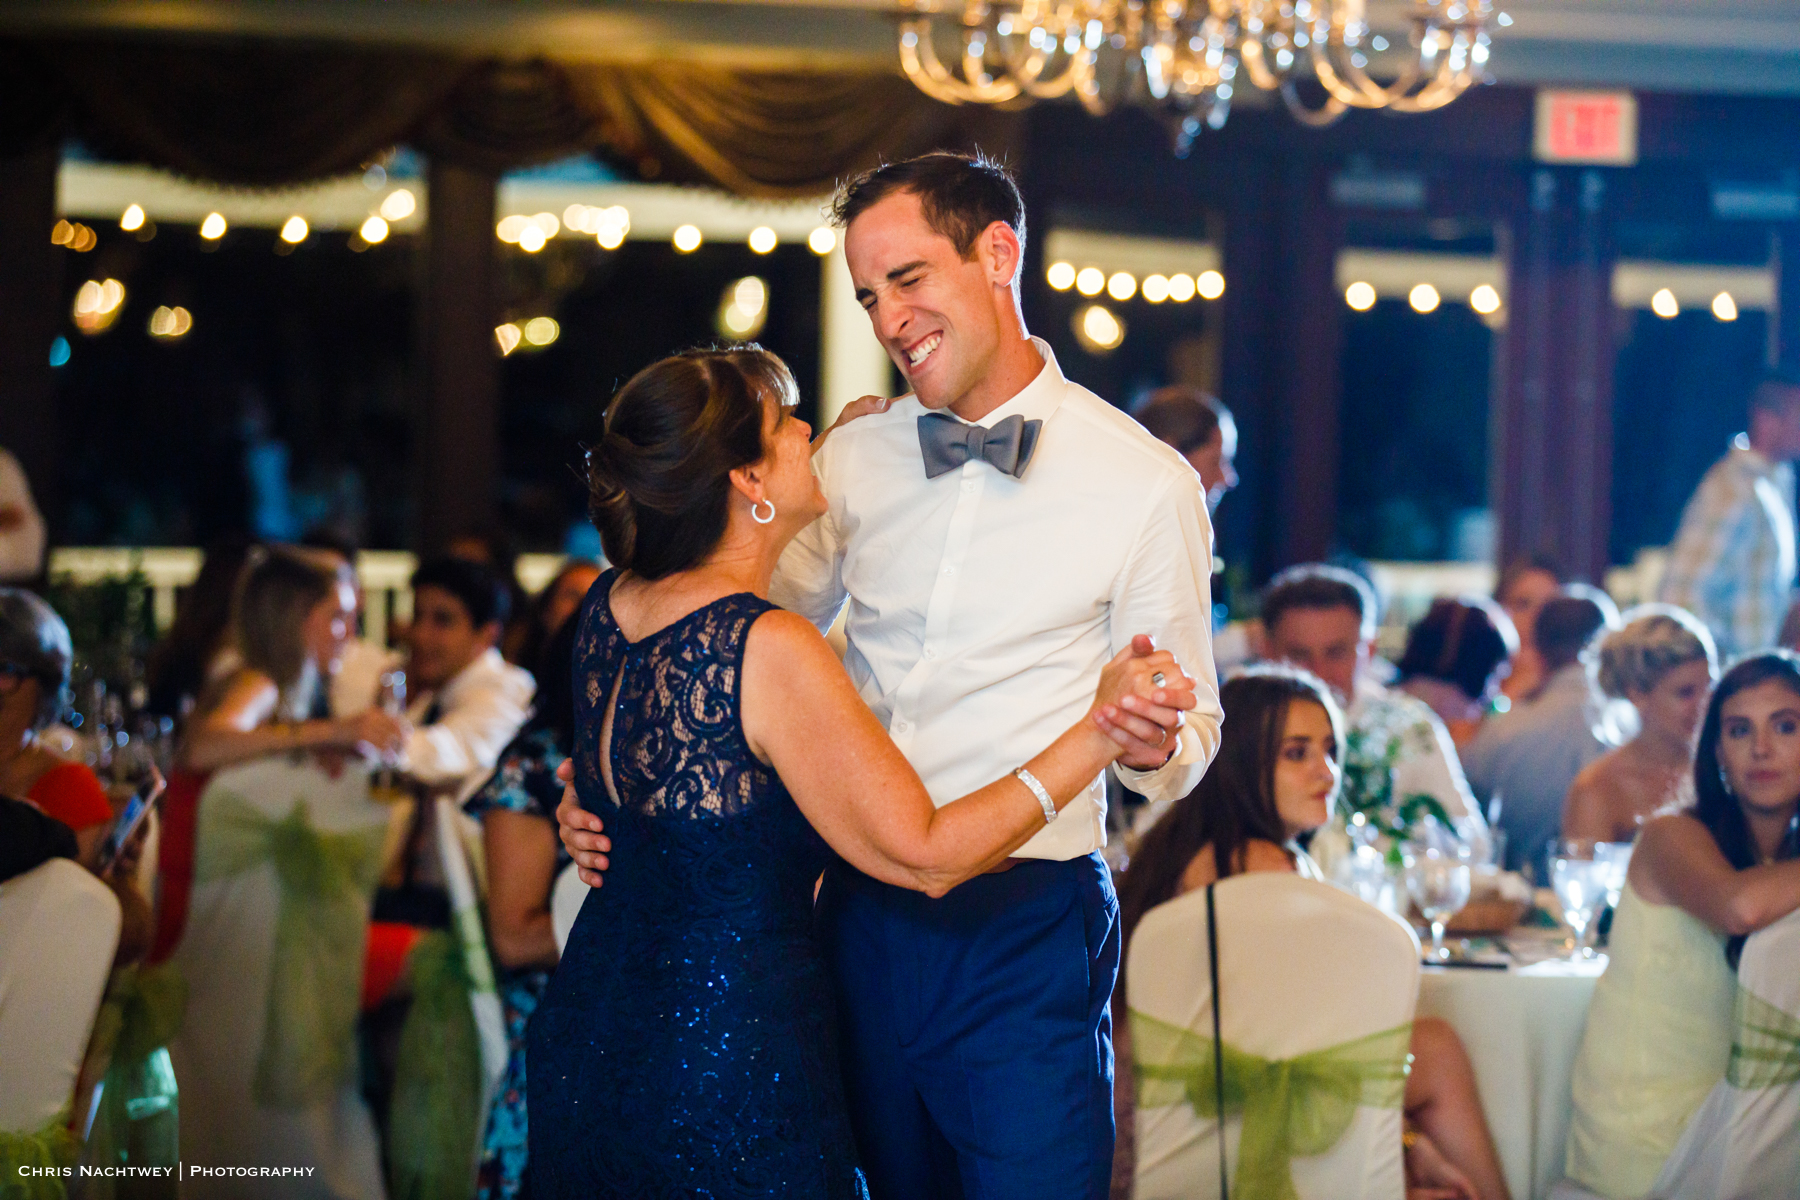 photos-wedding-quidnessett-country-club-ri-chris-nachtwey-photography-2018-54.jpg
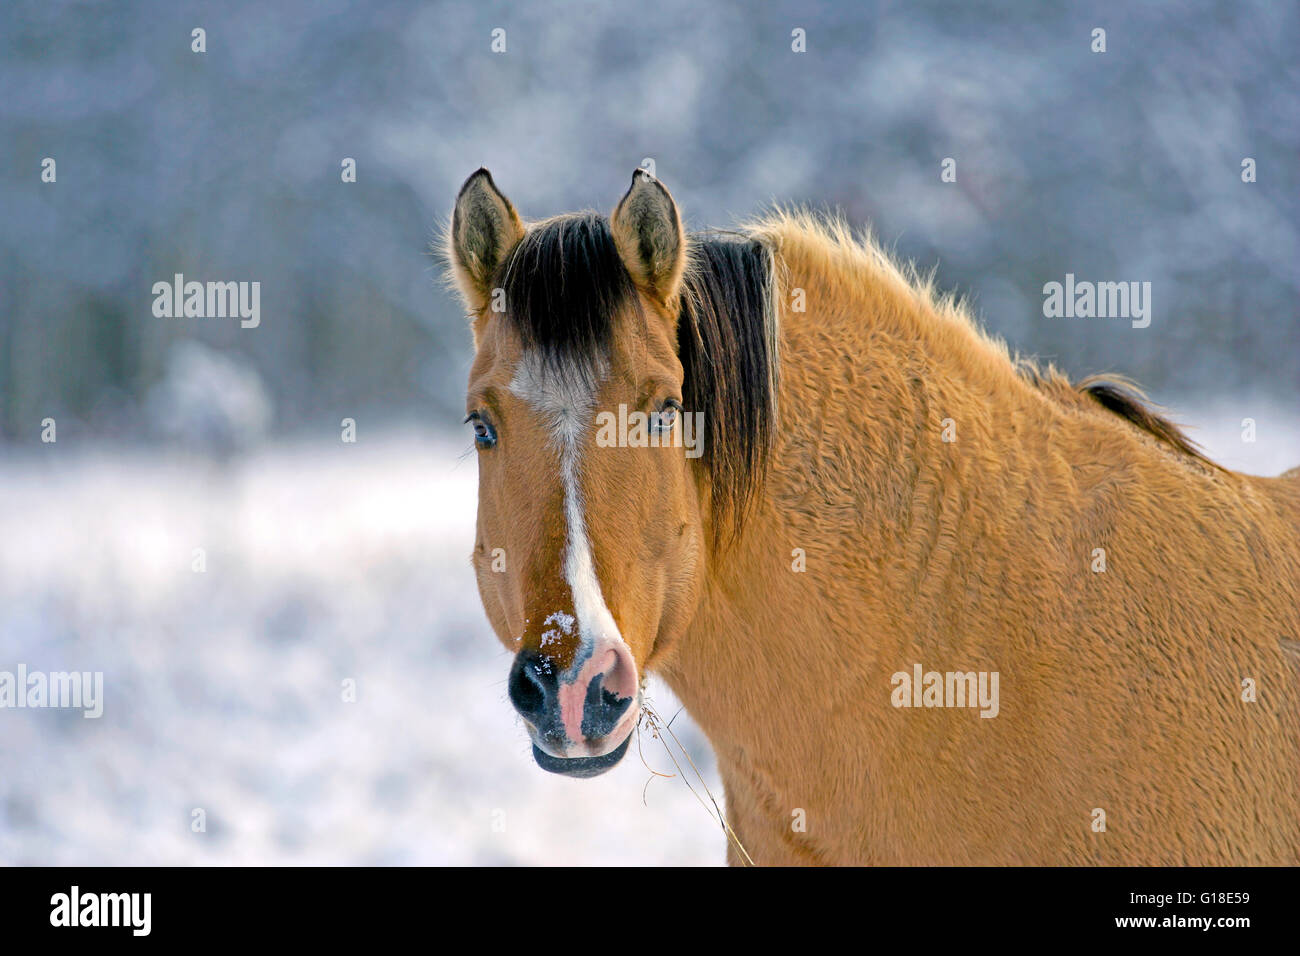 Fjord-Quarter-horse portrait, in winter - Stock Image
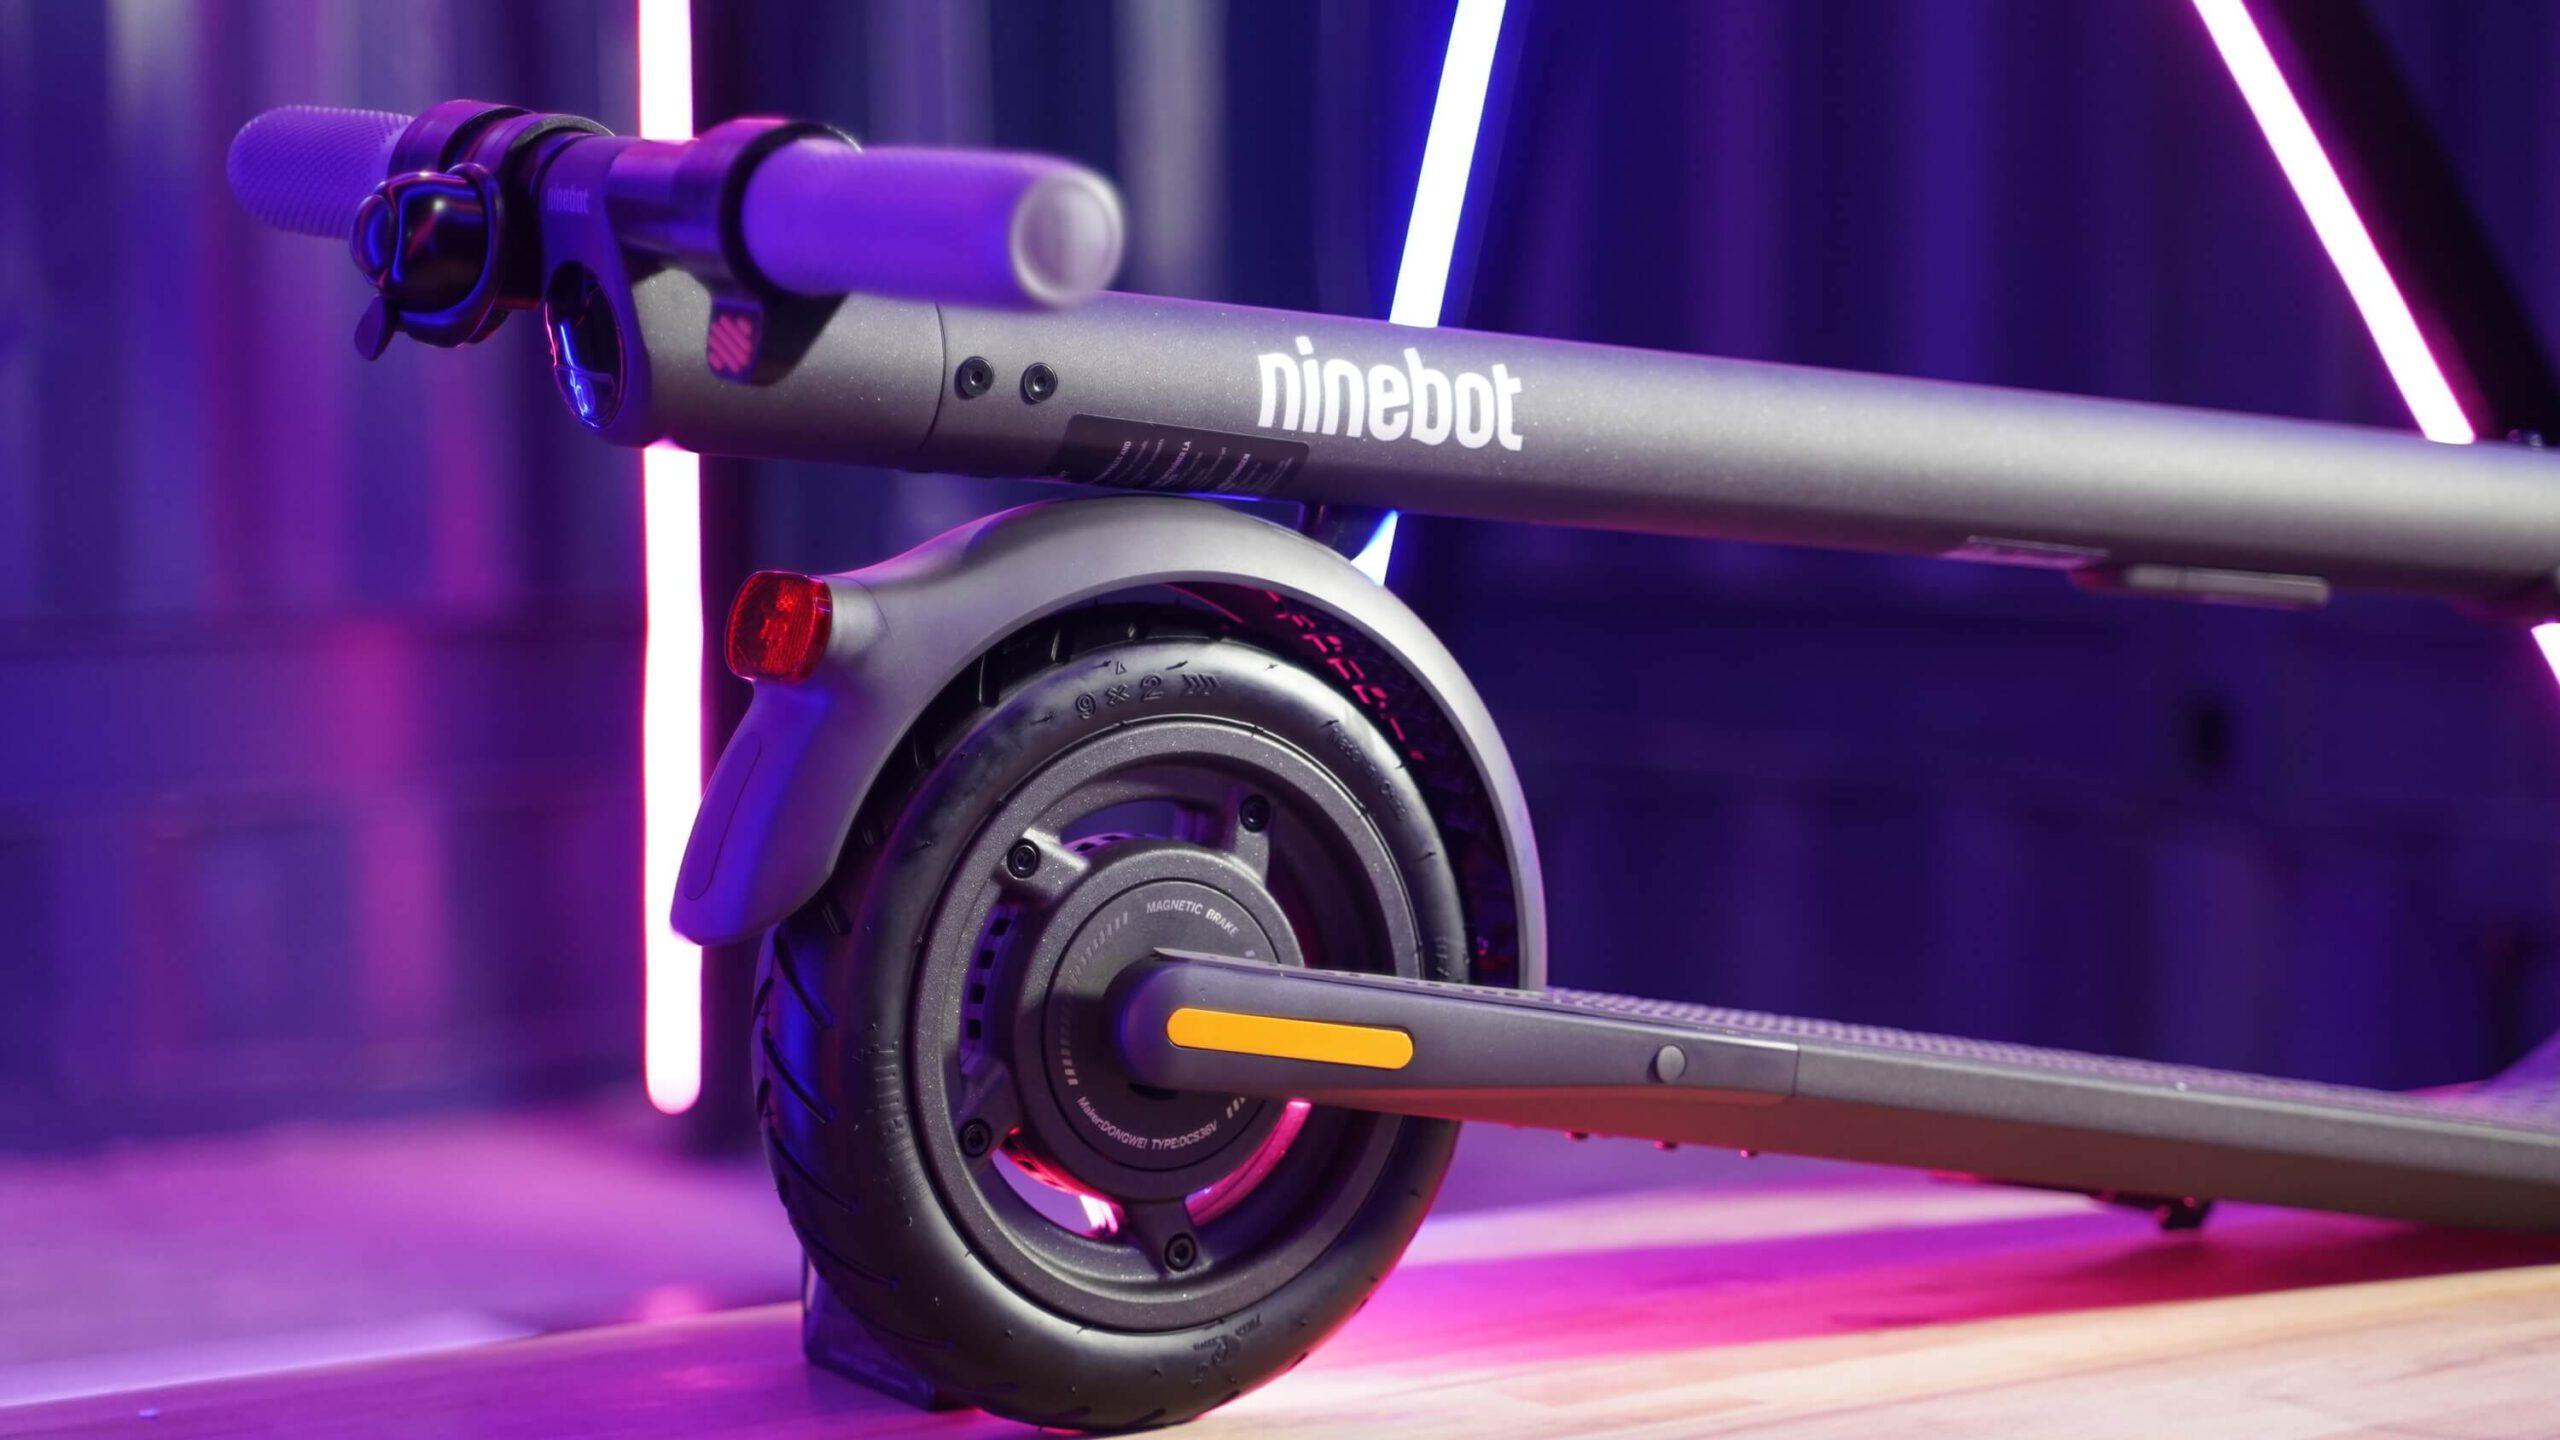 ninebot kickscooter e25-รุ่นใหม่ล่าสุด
◆ ◆ ◆ ◆ ◆
◆ Task: An exact restatement is expected of the lines from the line containing "Fjord-Quarter-horse portrait, in" to the end of the data above, pictures excluded.

◆ Reply:
 Fjord-Quarter-horse portrait, in winter - Stock Image
 ninebot kickscooter e25-รุ่นใหม่ล่าสุด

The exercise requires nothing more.